任何人都可以解释分组比较器是如何工作的吗?



解决方案

分组比较



数据到达简化器后,所有数据都按键组合。由于我们有一个组合键,我们需要确保记录完全按照自然键组合。这是通过编写自定义GroupPartitioner来完成的。我们有一个Comparator对象只考虑TemperaturePair类的yearMonth字段,用于将记录分组在一起。

  public class YearMonthGroupingComparator延伸WritableComparator {

public YearMonthGroupingComparator(){
super(TemperaturePair.class,true);

$ b @Override
public int compare(WritableComparable tp1,WritableComparable tp2){
TemperaturePair temperaturePair =(TemperaturePair)tp1;
TemperaturePair temperaturePair2 =(TemperaturePair)tp2;
return temperaturePair.getYearMonth()。compareTo(temperaturePair2.getYearMonth());




$ b $ p
$ b

以下是运行我们的二级分类作业的结果:

  new-host-2:sbin bbejeck $ hdfs dfs -cat secondary-sort / part-r-00000 



190101 -206



190102 -333



190103 -272

190104 -61

190105 -33

190106 44


190107 72

190108 44

190109 17

190110 -33

190111 -217



虽然按价值排序数据可能不是一个常见的需求,但它一个很好的工具,在你需要的时候在后面的口袋里。此外,我们可以通过使用自定义分区程序和组分区来深入了解Hadoop的内部工作。
请参阅此链接..

Can any one explain me how secondary sorting works in hadoop ?
Why must one use GroupingComparator and how does it work in hadoop ?

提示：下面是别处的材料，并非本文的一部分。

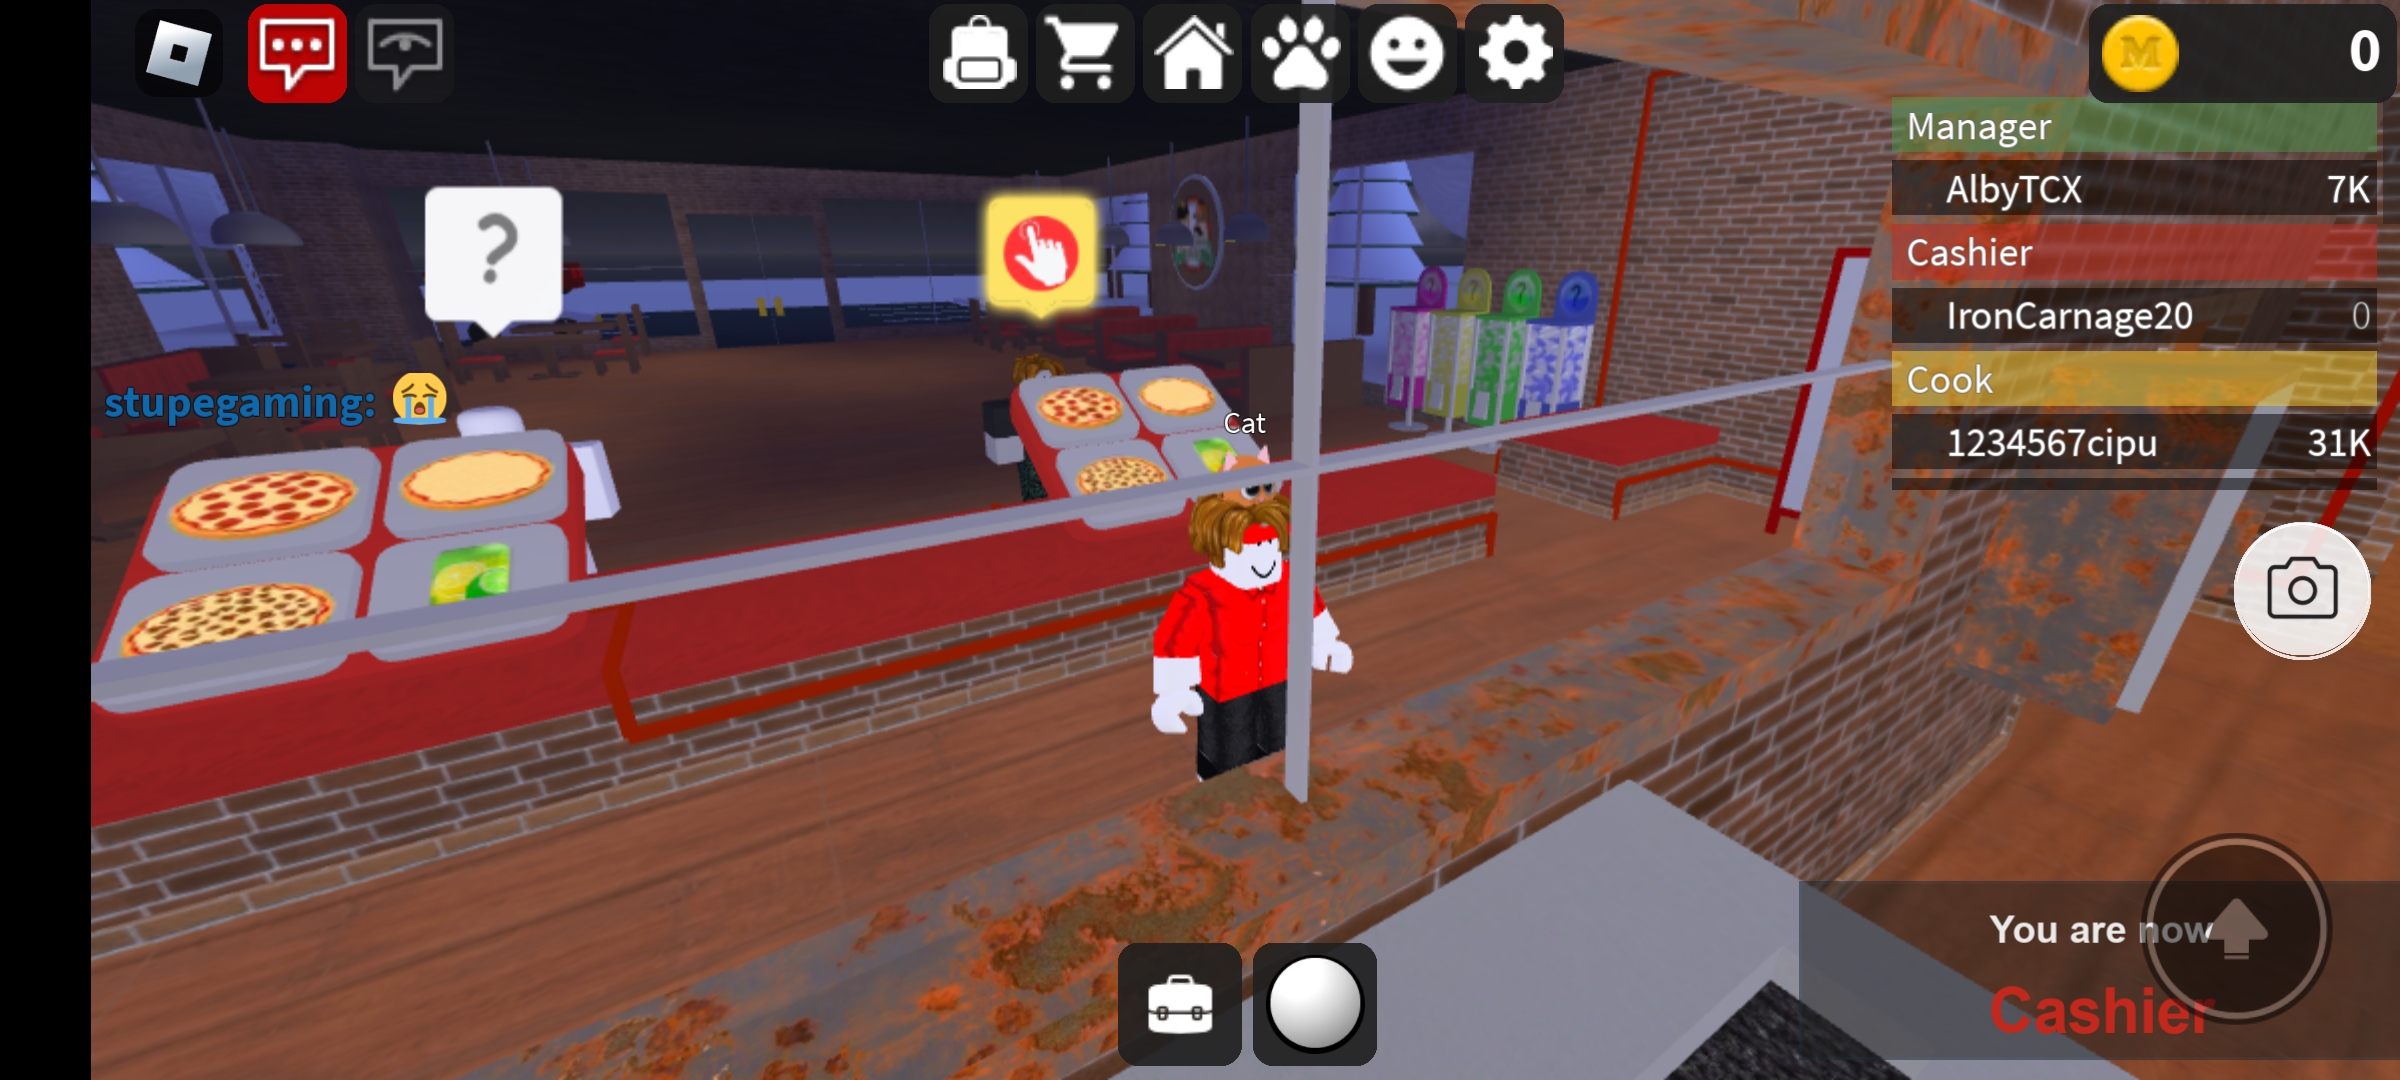 Best Roblox Games to Play With Your Friends

I was going through the link given below and got doubt on how groupcomapator works.
Can any one explain me how grouping comparator works?

http://www.bigdataspeak.com/2013/02/hadoop-how-to-do-secondary-sort-on_25.html

解决方案

Grouping Comparator

Once the data reaches a reducer, all data is grouped by key. Since we have a composite key, we need to make sure records are grouped solely by the natural key. This is accomplished by writing a custom GroupPartitioner. We have a Comparator object only considering the yearMonth field of the TemperaturePair class for the purposes of grouping the records together.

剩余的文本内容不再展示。